I am so gay it hurts my loins. Going to see She's Just Not That Into You... again. Ohhh my goodness.
10 dollar pizza all the toppings you want. Wait Until You See This Pizza
Can the rest of this semester just go by as a montage?
he screamed PILLOW FIGHT and hit branden in the head with a pillow that had a fifth of vodka in it. then he asked why he wasnt laughing
Is a 'Dr. Willy Fister Gynecologist' costume appropriate for work?
If I come back tomorrow to find a certain football player tied up and locked in your closet, shit's gonna get real.

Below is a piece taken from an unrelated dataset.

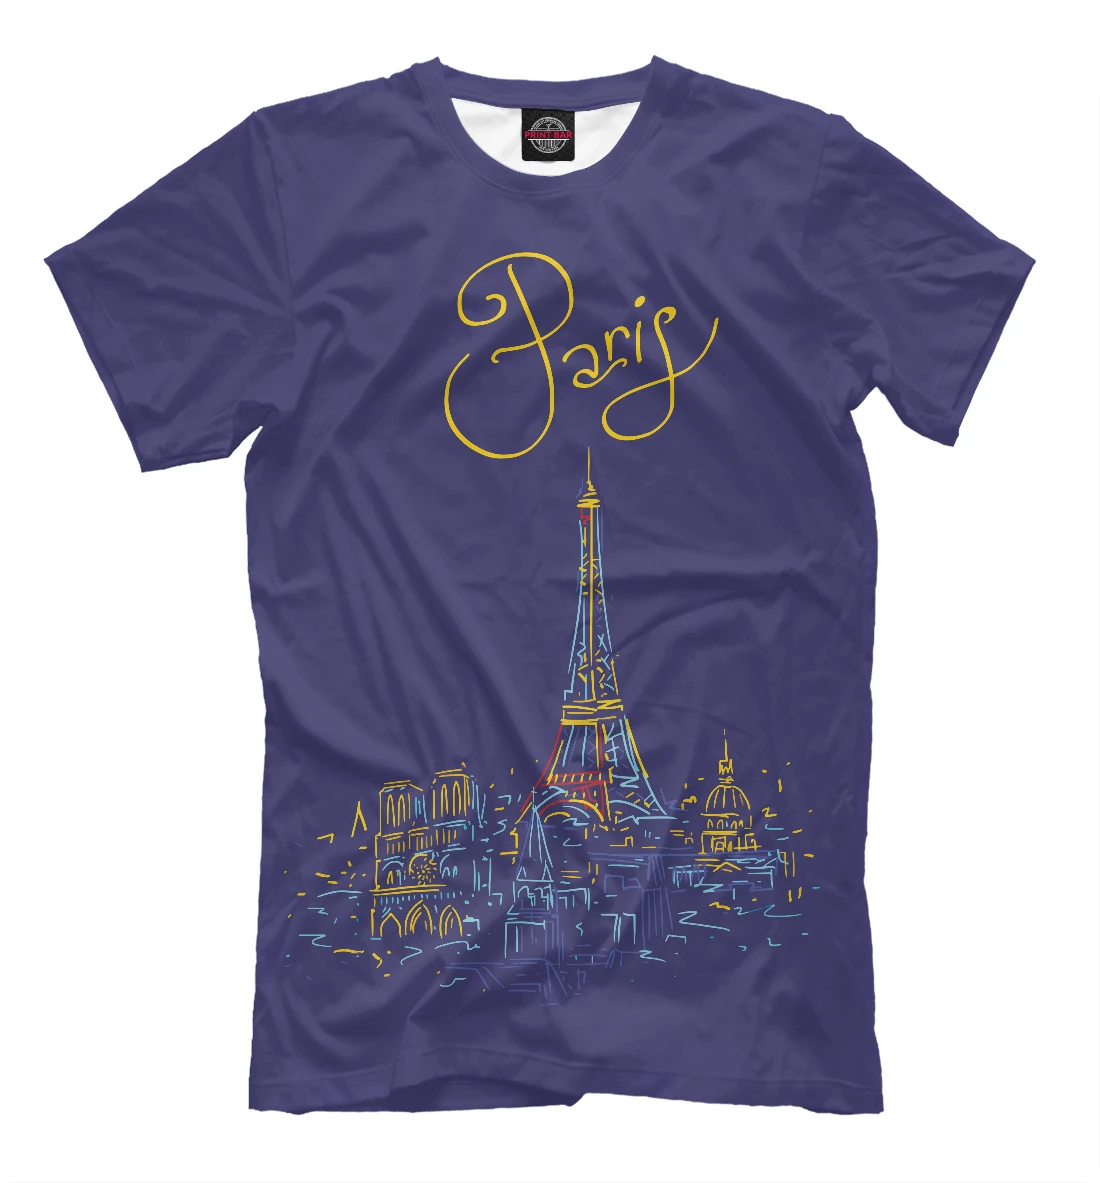 Рубашка парижского хулигана 4. Майка Париж. Майка Paris. Paris 2008 футболка.

I'll set him free tomorrow morning ;)
Go tell your boss to go fuck himself because you have beer and doritos and zombies waiting on you
His girlfriends signaled their approval by pulling me off of him and in turn making out with me. I think I will hang out with this group more often
we were both freshly single and using each other as rebounds. most intense sex I've ever had. i felt like a grizzly bear emerging from hibernation in a whirlwind of sexual fury
Just taxi'd to the airport holding a zip lock bag of my own vomit. Bachelorette success.
You don't know being judged until its 7:30 in the morning and you're on 2 hours of sleep halfway between drunk and hungover wearing pajama pants at an international airport while saying how proud you are that you found the airport's bar immediately and how disappointed you are that it's closed
sorry I called you to cry about the state of the neopets economy
It's gonna be me and some oreos tonight. Basically like sex
I woke up an hour ago with orange fingers and a condom stuck to my head.. Wtf just happened?
It went from a "chill game of beer pong" to "absinthe body shots and a tits parade" in literally two minutes.
Told you inviting her was a good idea.